Suspension des audiences de jugement 

Les conseillers prud’homaux chalonnais sont en complet désaccord avec les différentes dispositions concernant la justice prud’homale contenues dans le projet de loi Macron, des dispositions, qui, aux dires du président Gutierrez, « s'inscrivent dans une démarche claire : installer un échevinage déguisé »...  Et ils n'ont pas manqué de le faire savoir, en décidant à l'unanimité de ne pas communiquer sur l'activité du Conseil en 2014. Francis Gutierrez dans le cadre de son discours en a expliqué les raisons. « Des statistiques ont déjà été évoquées dans les différents rapports commandés par le ministère. Je ne ferai qu'un seul commentaire sur les statistiques déjà publiées.
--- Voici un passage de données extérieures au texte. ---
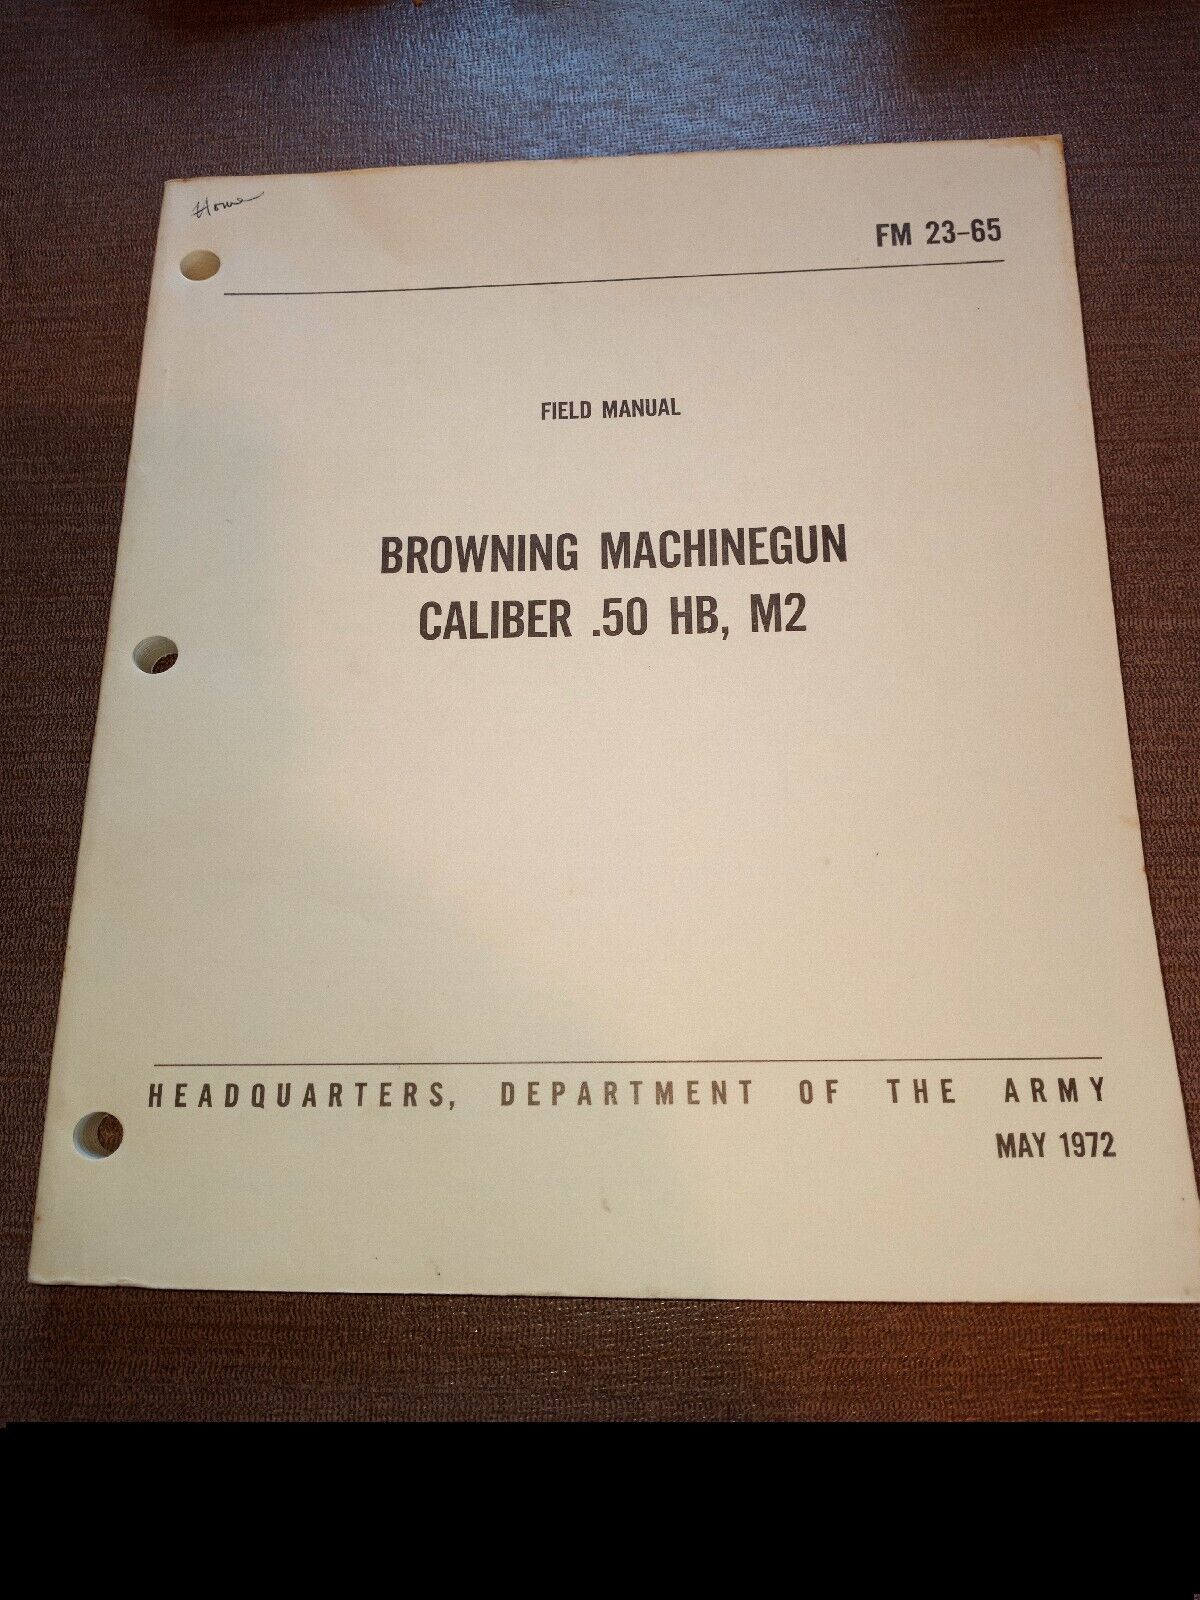 Army Manual~Browning MachineGun, Caliber .50 HB,M2~FM 23-65  (1972)

Nous ne savons pas comment elles ont été établies et quels sont les effets attendus. Car de toute évidence, elles ne correspondent pas à la réalité sur la juridiction chalonnaise ».
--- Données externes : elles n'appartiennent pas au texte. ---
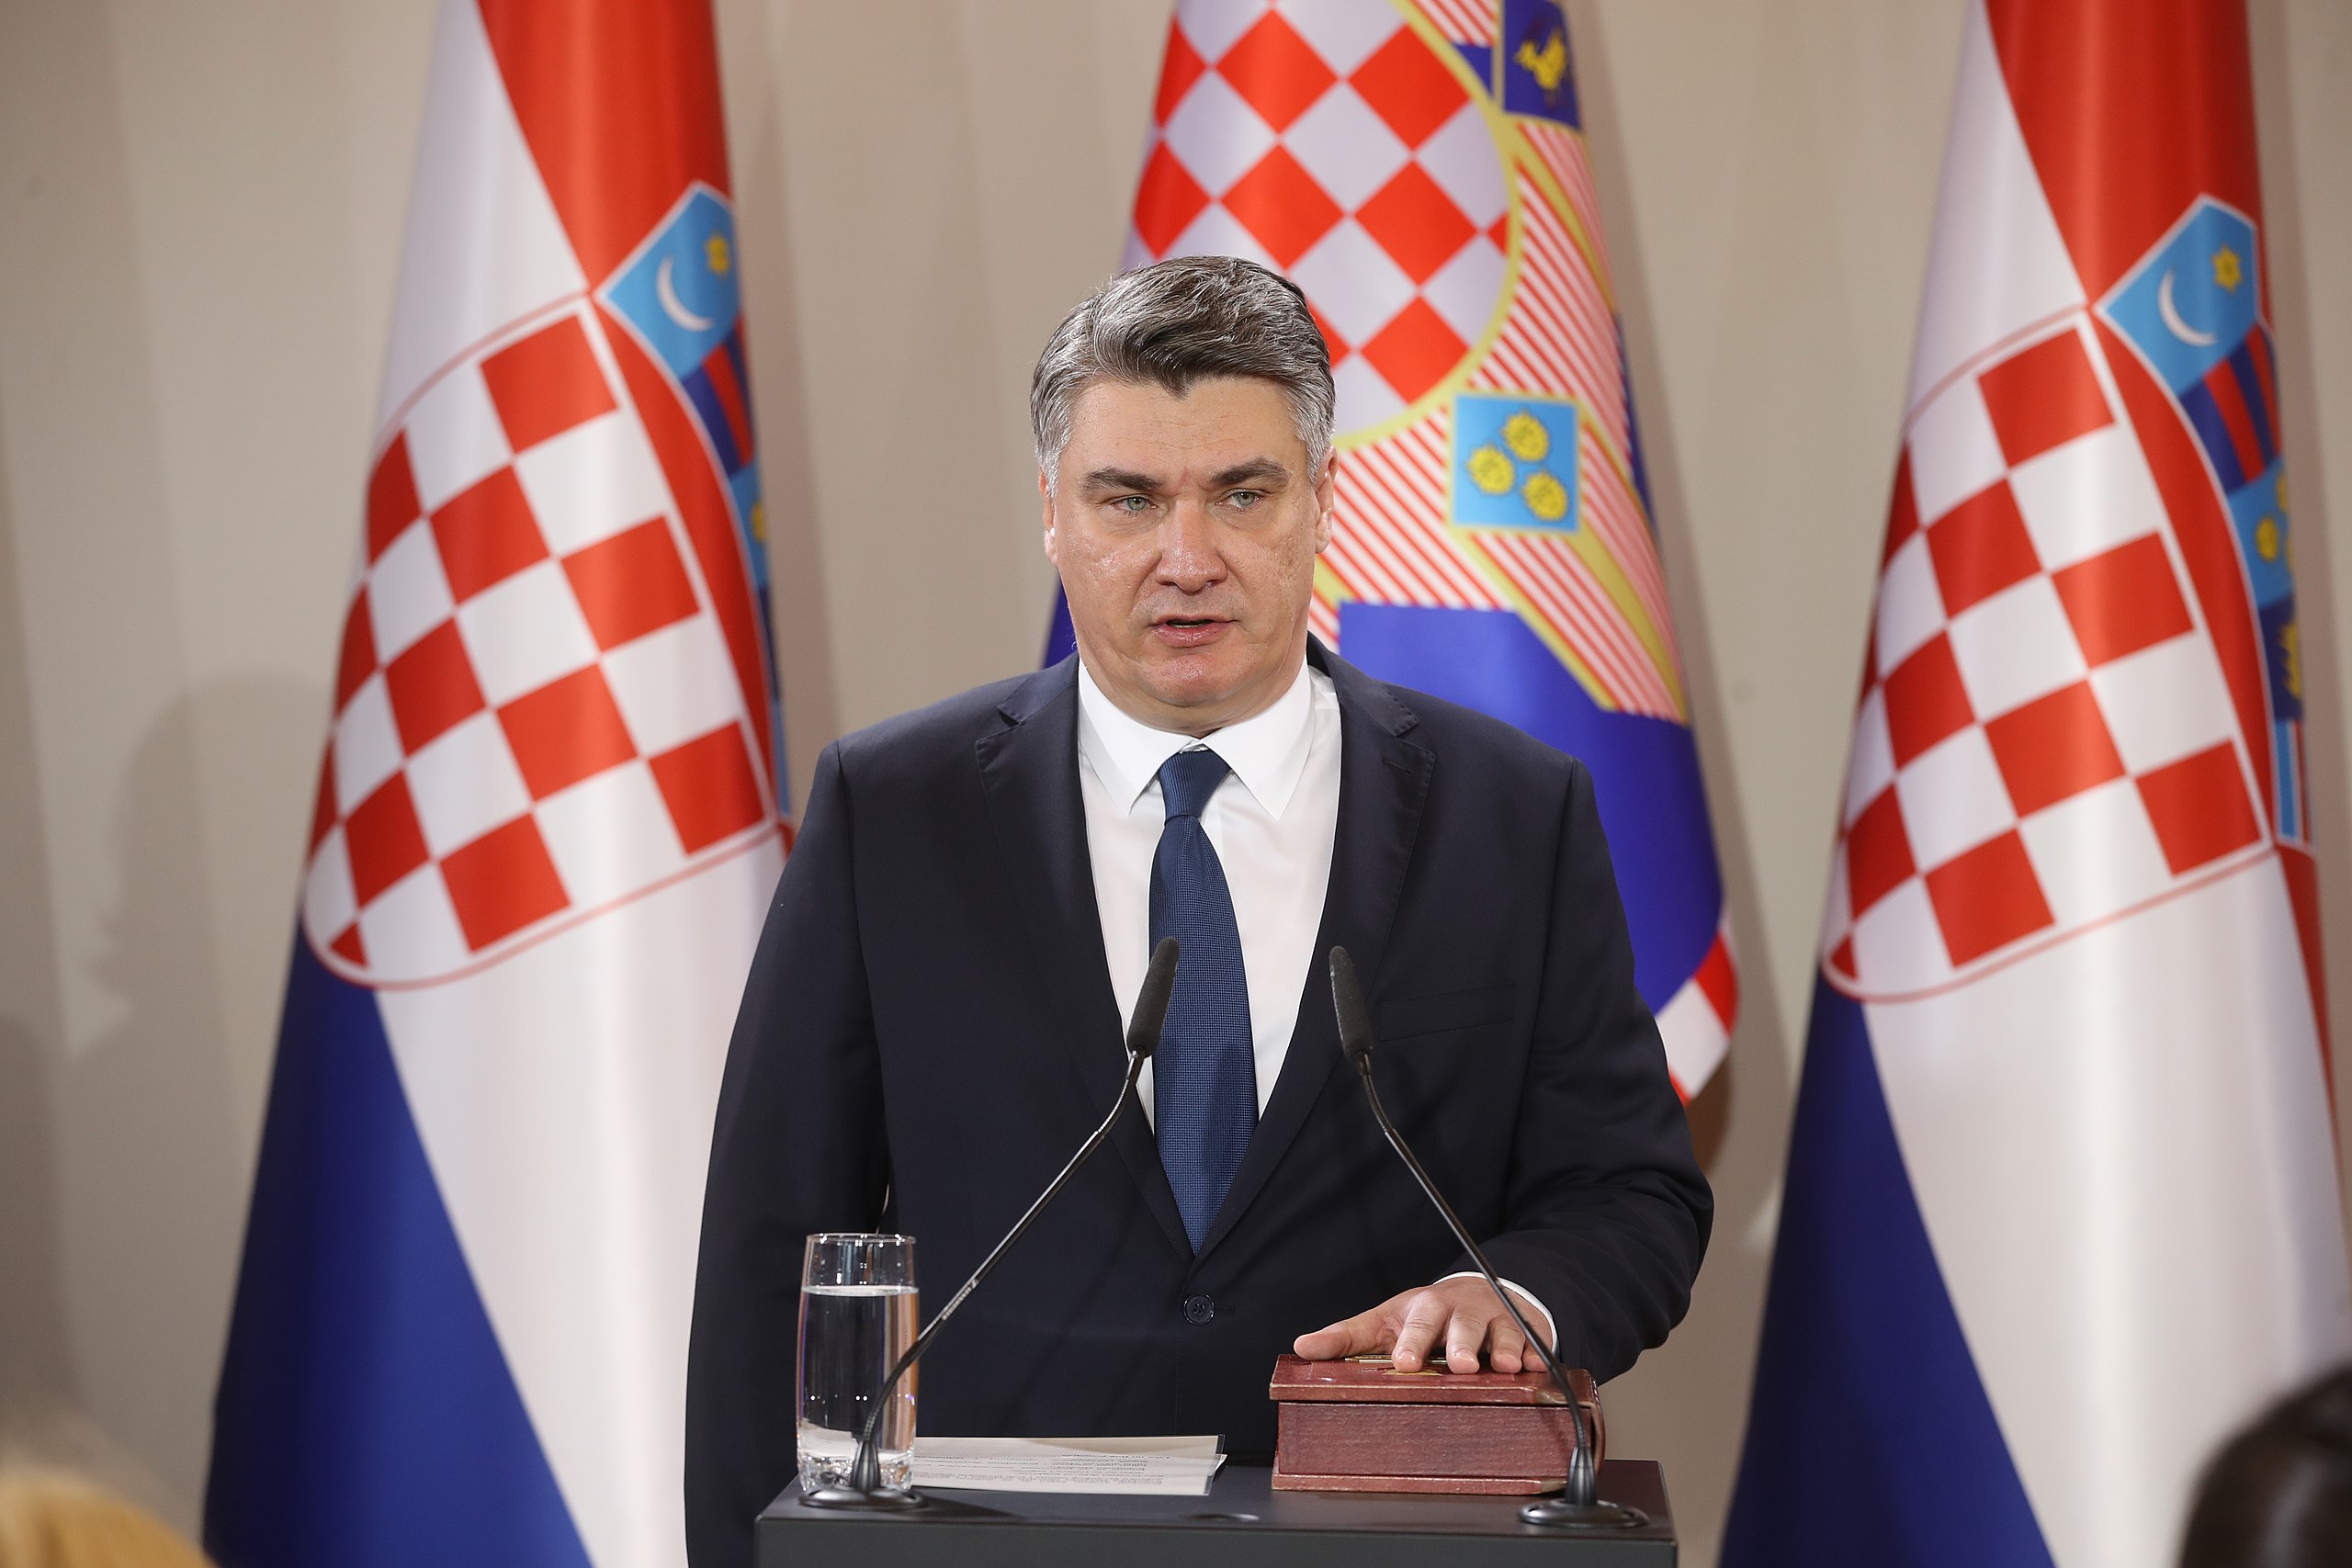 Croatian President Zoran Milanović

Les conseillers prud’homaux chalonnais ne veulent pas entendre parler du projet de loi Macron et ils vont le faire savoir en dehors d'une salle d'audience. Le président Millot a en effet annoncé qu'à l'issue d'une assemblée générale en date du 9 janvier 2015 il avait été décidé la suspension des audiences de jugement jusqu'au 31 janvier 2015, à l'exception des audiences de référés et des audiences de conciliation.

Gabriel-Henri THEULOT

 

   

L'année 2014 en quelques chiffres

Affaires enregistrées : 606 affaires, se répartissant comme suit : industrie : 214 (35%), commerce : 168 (28%), activités diverses : 116 (19%), encadrement : 96 (16%) et agriculture 12 (2%).
Affaires devant le bureau de conciliation : 496 affaires audiencées, se répartissant comme suit : renvoi au bureau de jugement avec délai de communication des pièces : 392 (79%), renvoi à une autre audience de conciliation : 44 (9%), désistement-caducité : 29 (6%), conciliation totale : 27 (5%), radiation : 3,  renvoi au bureau de jugement avec mesure provisoire : 1.
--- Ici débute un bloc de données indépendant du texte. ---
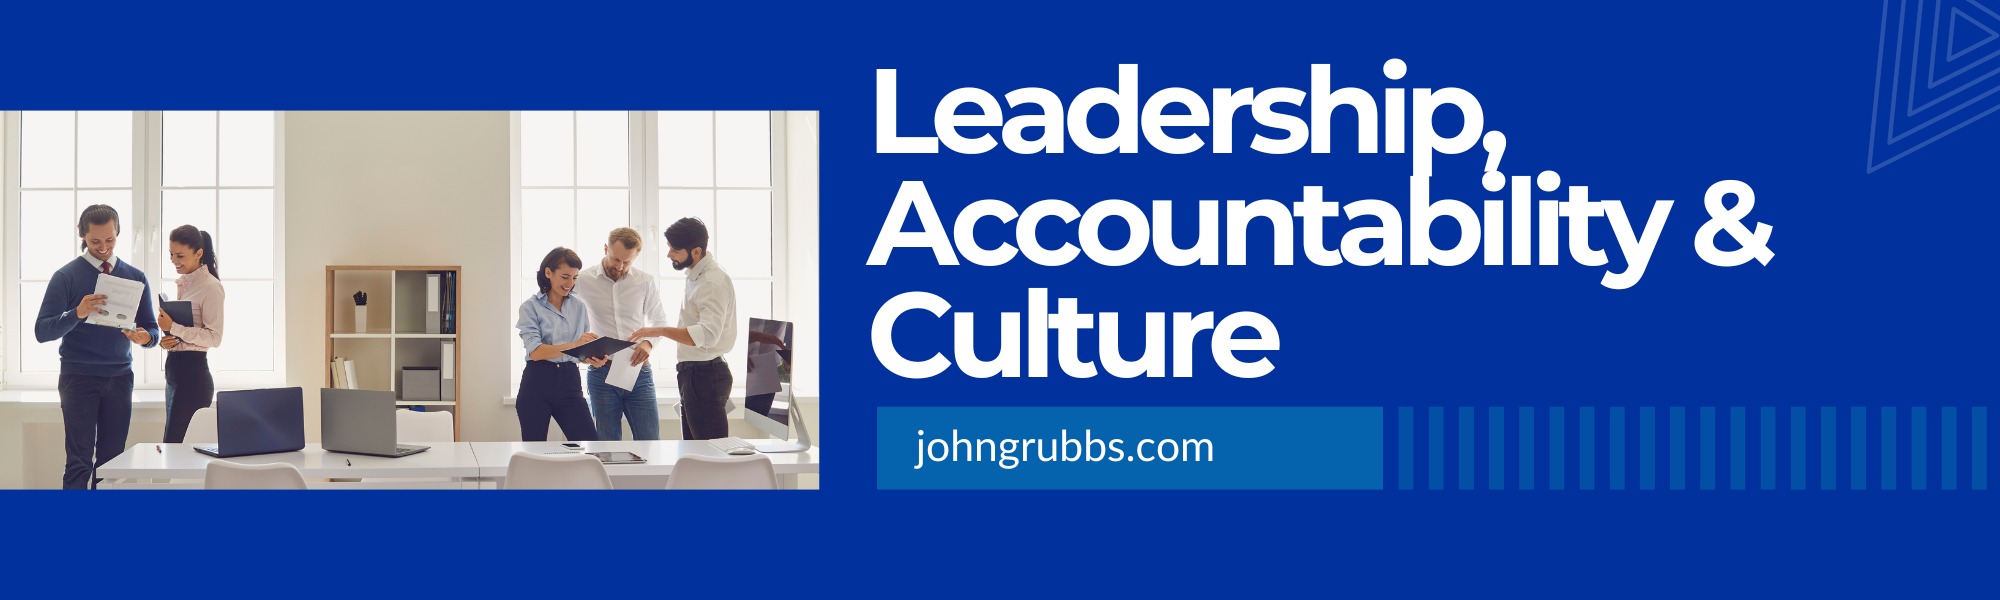 leadership accountability culture

Affaires en bureau de jugement : 1 342 affaires audiencées.

Stock au 31 décembre 2014 : 583 affaires se répartissant comme suit : industrie : 206 (35%), commerce 193 (33%), activités diverses : 87 (15%), encadrement : 87 (15%), agriculture : 10 (2%).

Pourcentage d'appel : 146 appels sur 281 jugements rendus en premier ressort, soit 51,96%. Et par section 70% en agriculture (7 sur 10), 56,56 % en commerce (69 sur 122), 54,55% en encadrement (12 sur 22), 49,21% en industrie (31 sur 63) et 42,19% en activités diverses (27 sur 64).